Brotherhood of Railroad Signalmen
- Abbreviation: BRS
- Founded: 1901
- Headquarters: Front Royal, Virginia, United States
- Location: United States, Canada;
- Members: 10,500
- Affiliations: AFL–CIO, CLC
- Website: www.brs.org

= Brotherhood of Railroad Signalmen =

Labor union in the United States

The Brotherhood of Railroad Signalmen (BRS) is a United States labor union representing workers responsible for the installation, maintenance, and repair of railroad signaling and traffic control systems.
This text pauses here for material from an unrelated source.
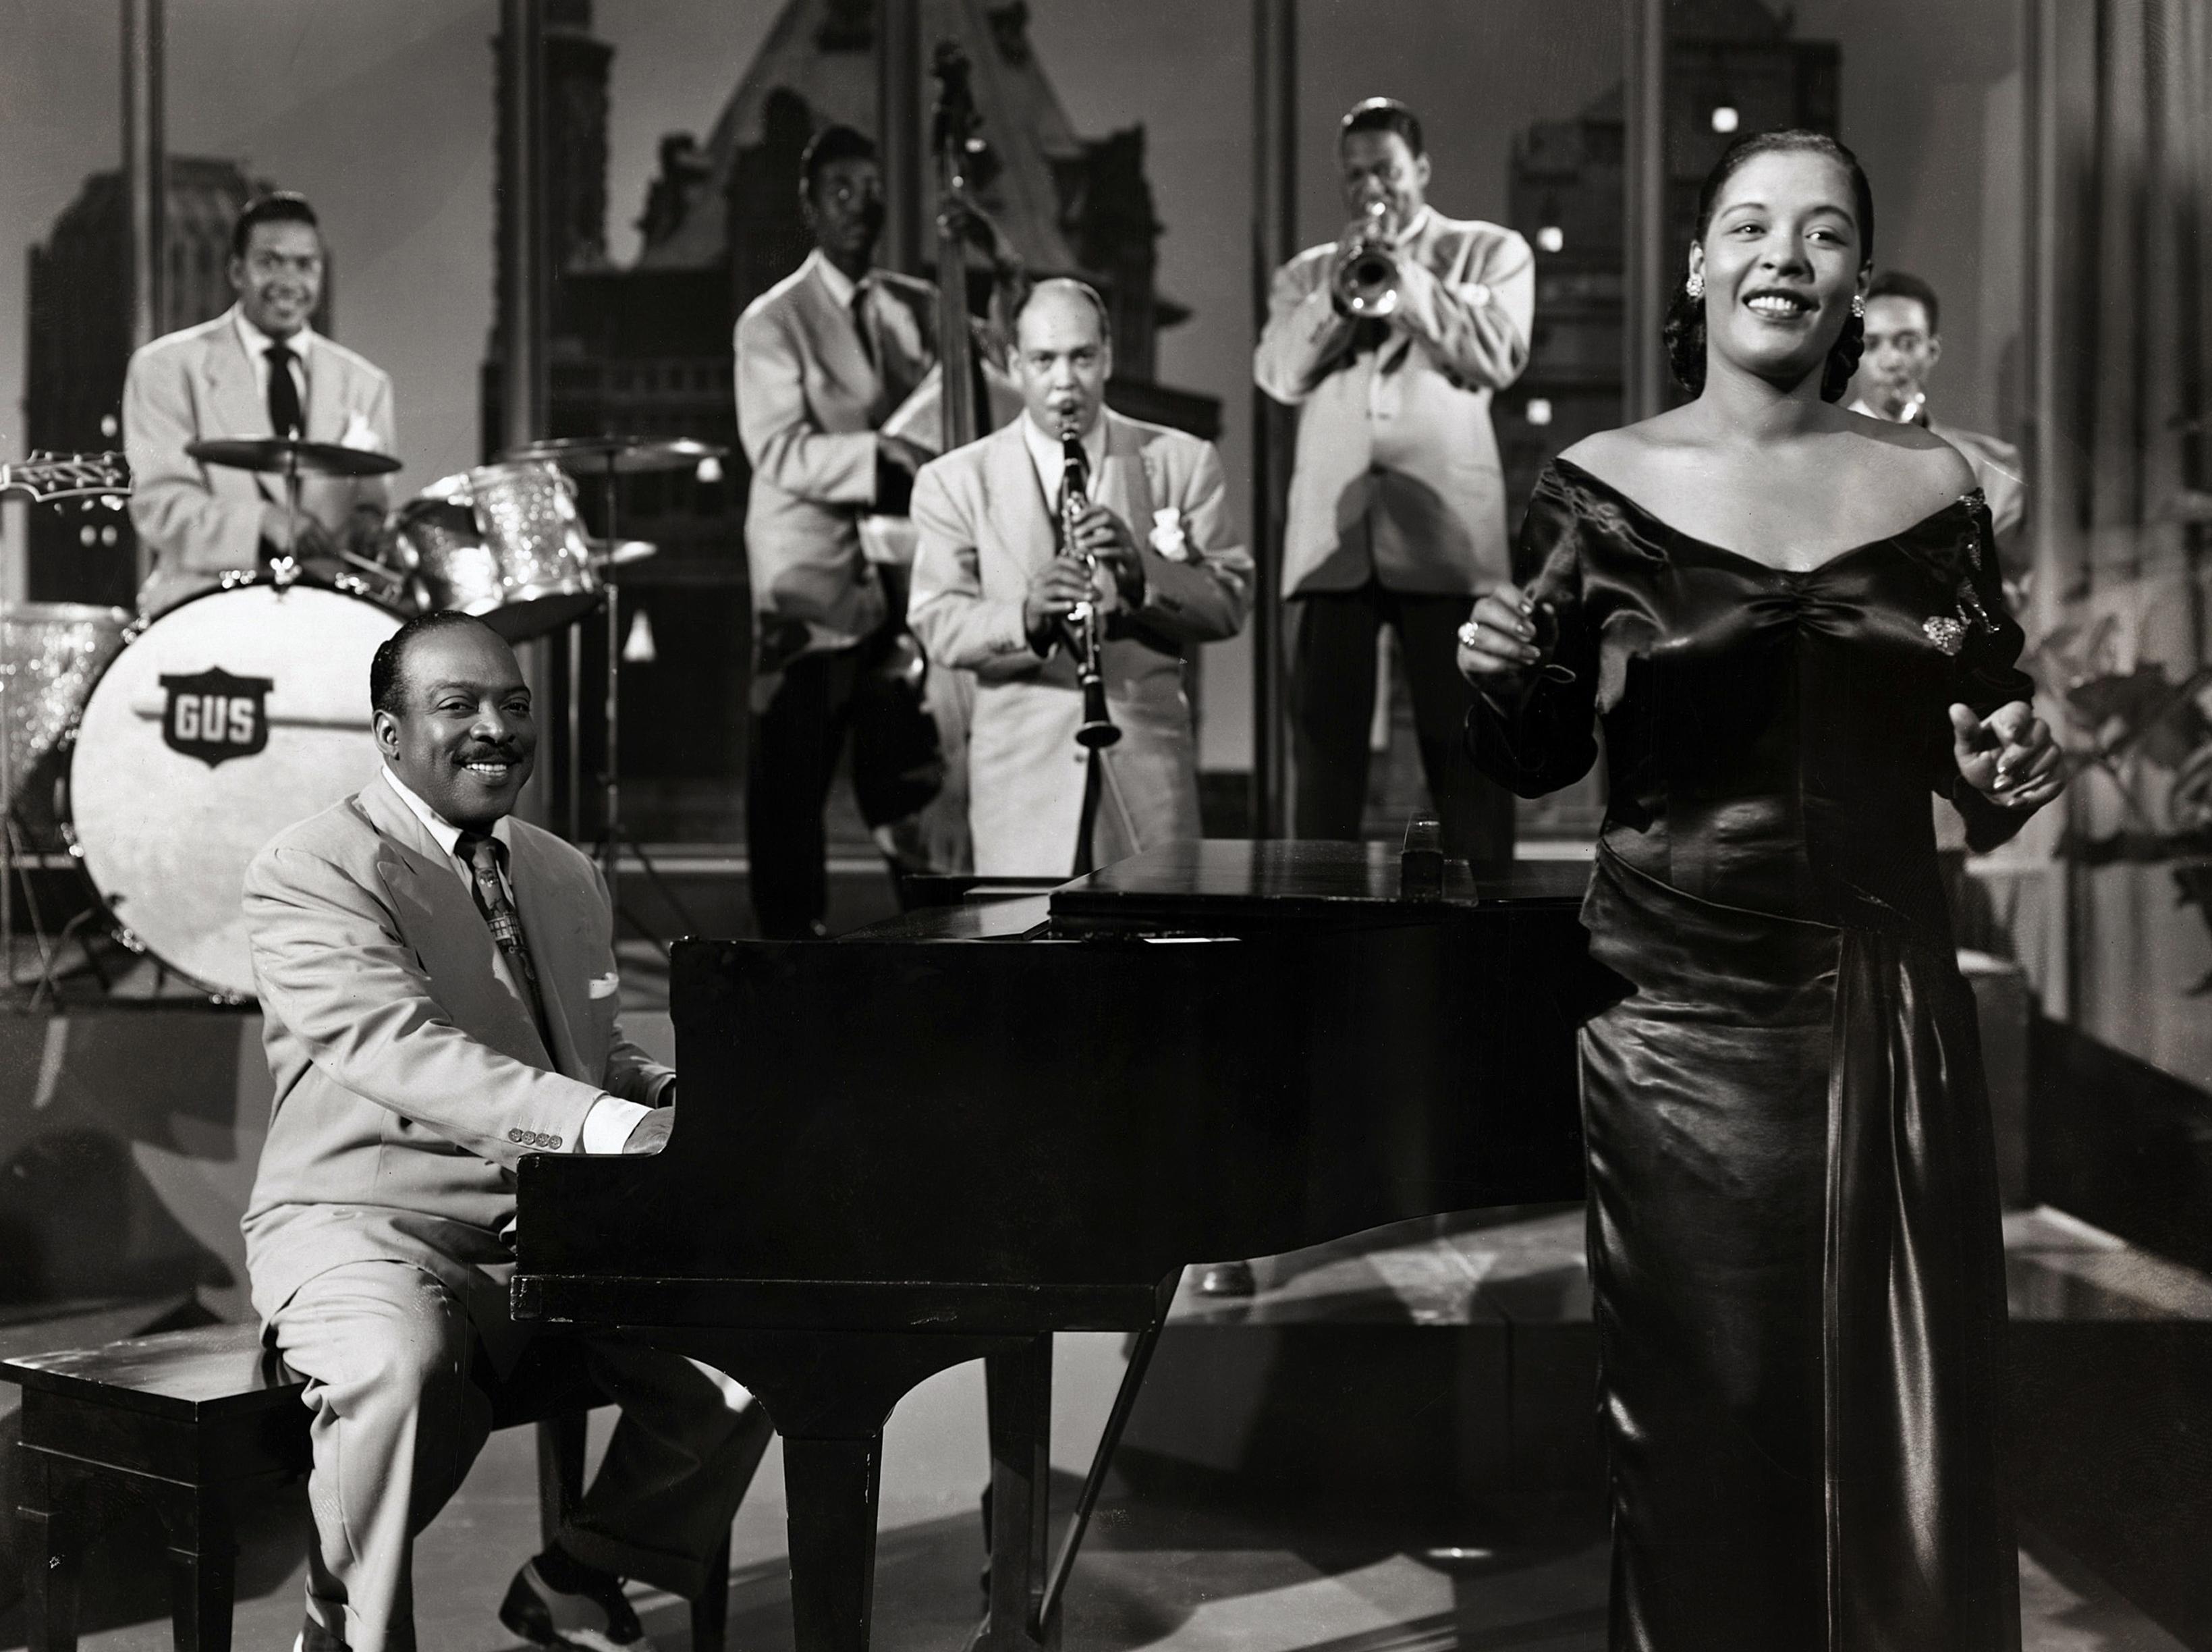 American jazz musician Count Basie, Billie Holiday
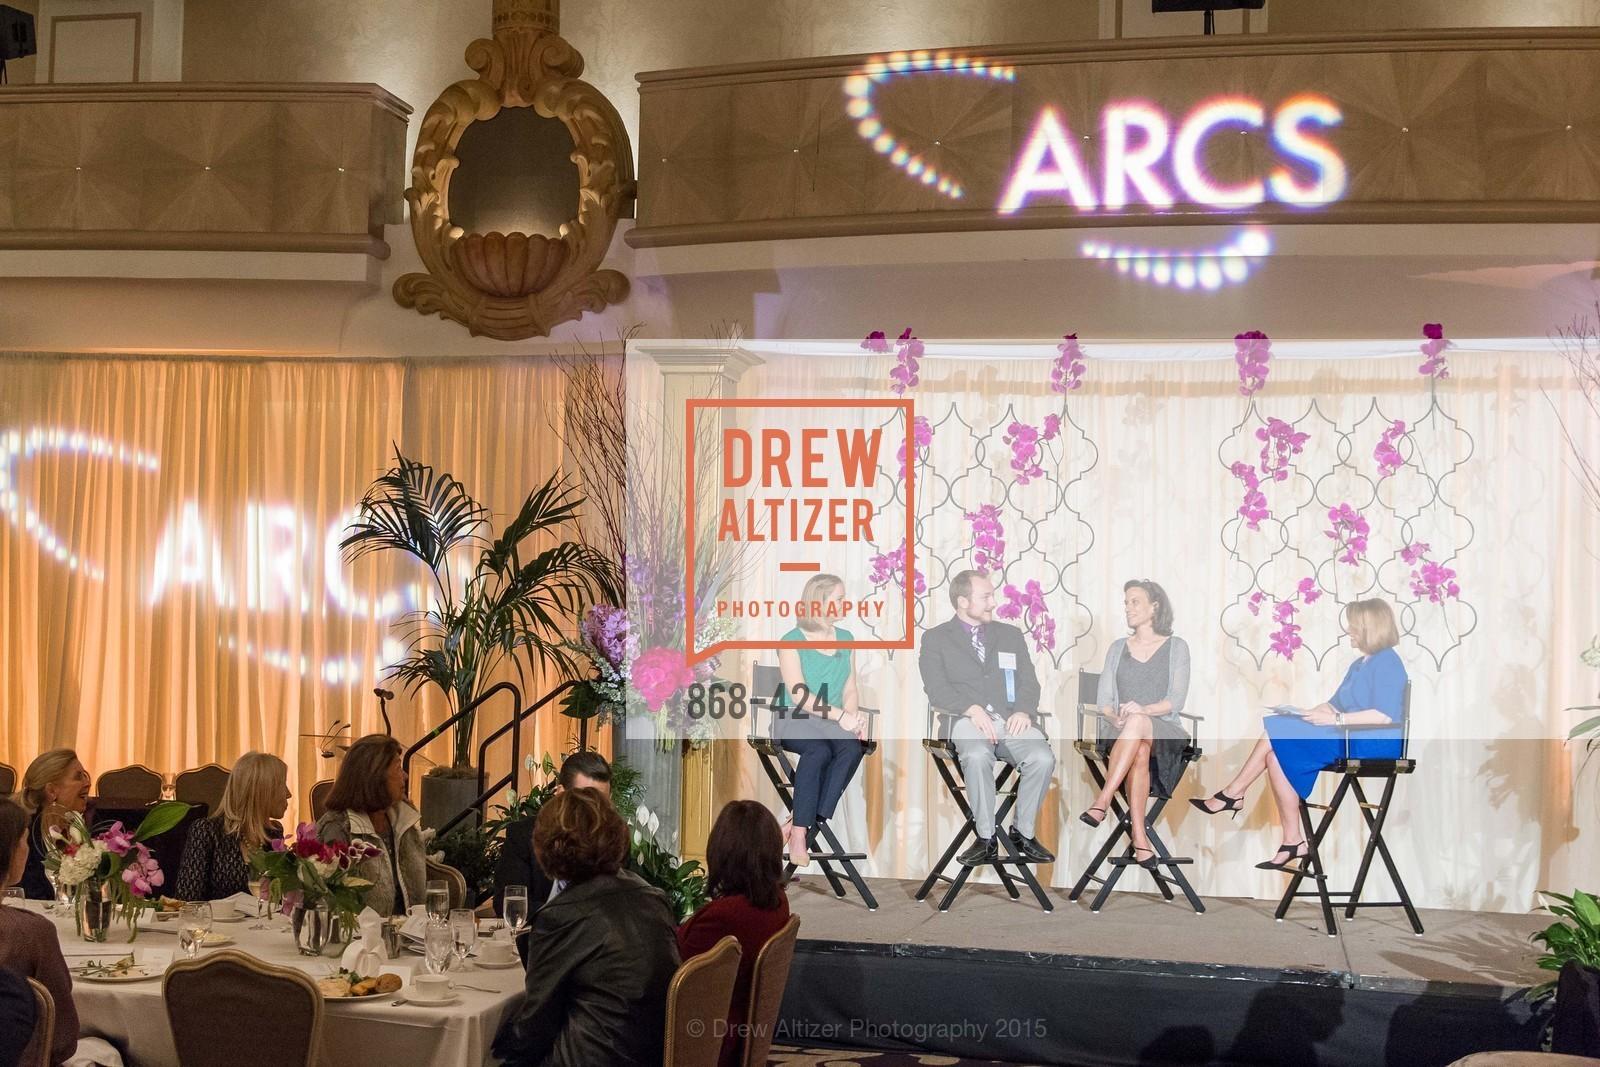 Kathleen Sokolowsky, Brad Hobson, Elizabeth Devitt, Susan Taylor, 2015 ARCS Foundation Scholar Awards Luncheon, The Fairmont San Francisco. 950 Mason St, October 29th, 2015

These systems include wayside signals, interlockings, and highway-rail grade crossing warning devices that are critical to the safe and efficient operation of rail transportation networks.

Founded in 1901, the BRS represents approximately 10,500 members employed across freight and passenger railroads, as well as companies that manufacture and construct signal equipment. The union is affiliated with the AFL–CIO and its Transportation Trades Department, and is headquartered in Front Royal, Virginia.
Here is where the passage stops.